Records shown
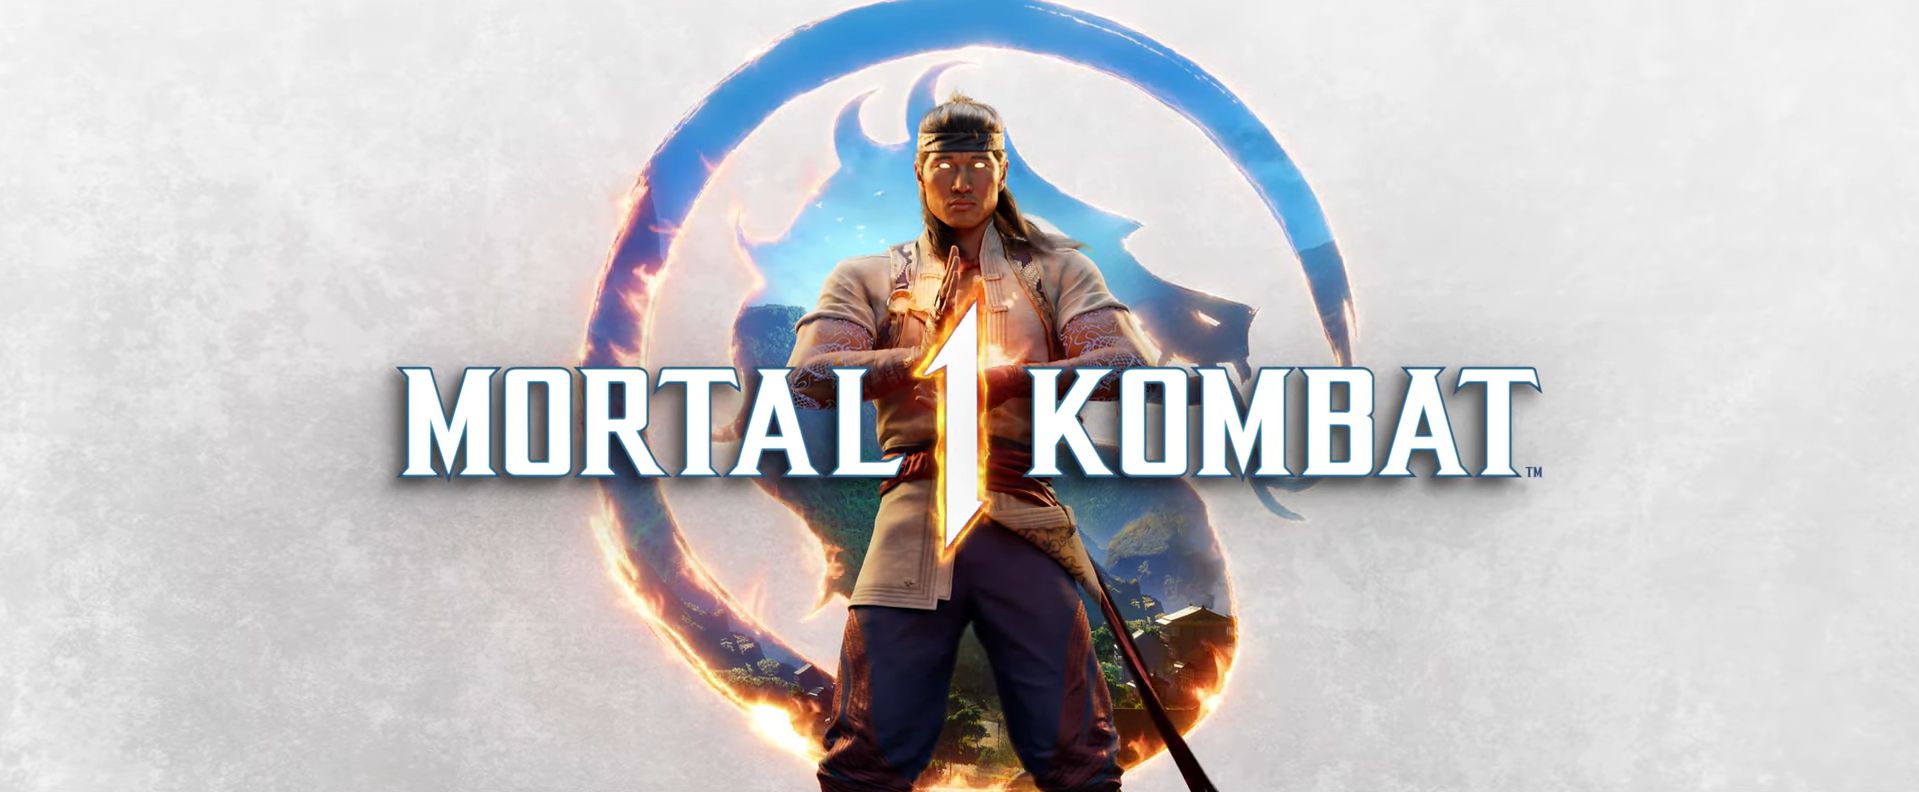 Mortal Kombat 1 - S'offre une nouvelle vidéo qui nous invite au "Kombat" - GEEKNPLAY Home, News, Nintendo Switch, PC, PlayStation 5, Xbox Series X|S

...

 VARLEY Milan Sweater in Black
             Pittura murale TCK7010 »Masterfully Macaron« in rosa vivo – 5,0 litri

--

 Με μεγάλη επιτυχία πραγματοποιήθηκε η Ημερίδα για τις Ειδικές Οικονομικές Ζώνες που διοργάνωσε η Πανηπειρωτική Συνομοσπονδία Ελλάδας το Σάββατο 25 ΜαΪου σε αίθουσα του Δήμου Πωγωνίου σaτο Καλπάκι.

What you are asked to do
Everything from the line with "VARLEY Milan Sweater in Black" through the line with "Pittura murale TCK7010" in the listing above must be retyped exactly, with nothing added.

Answer area
 VARLEY Milan Sweater in Black
             Pittura murale TCK7010 »Masterfully Macaron« in rosa vivo – 5,0 litri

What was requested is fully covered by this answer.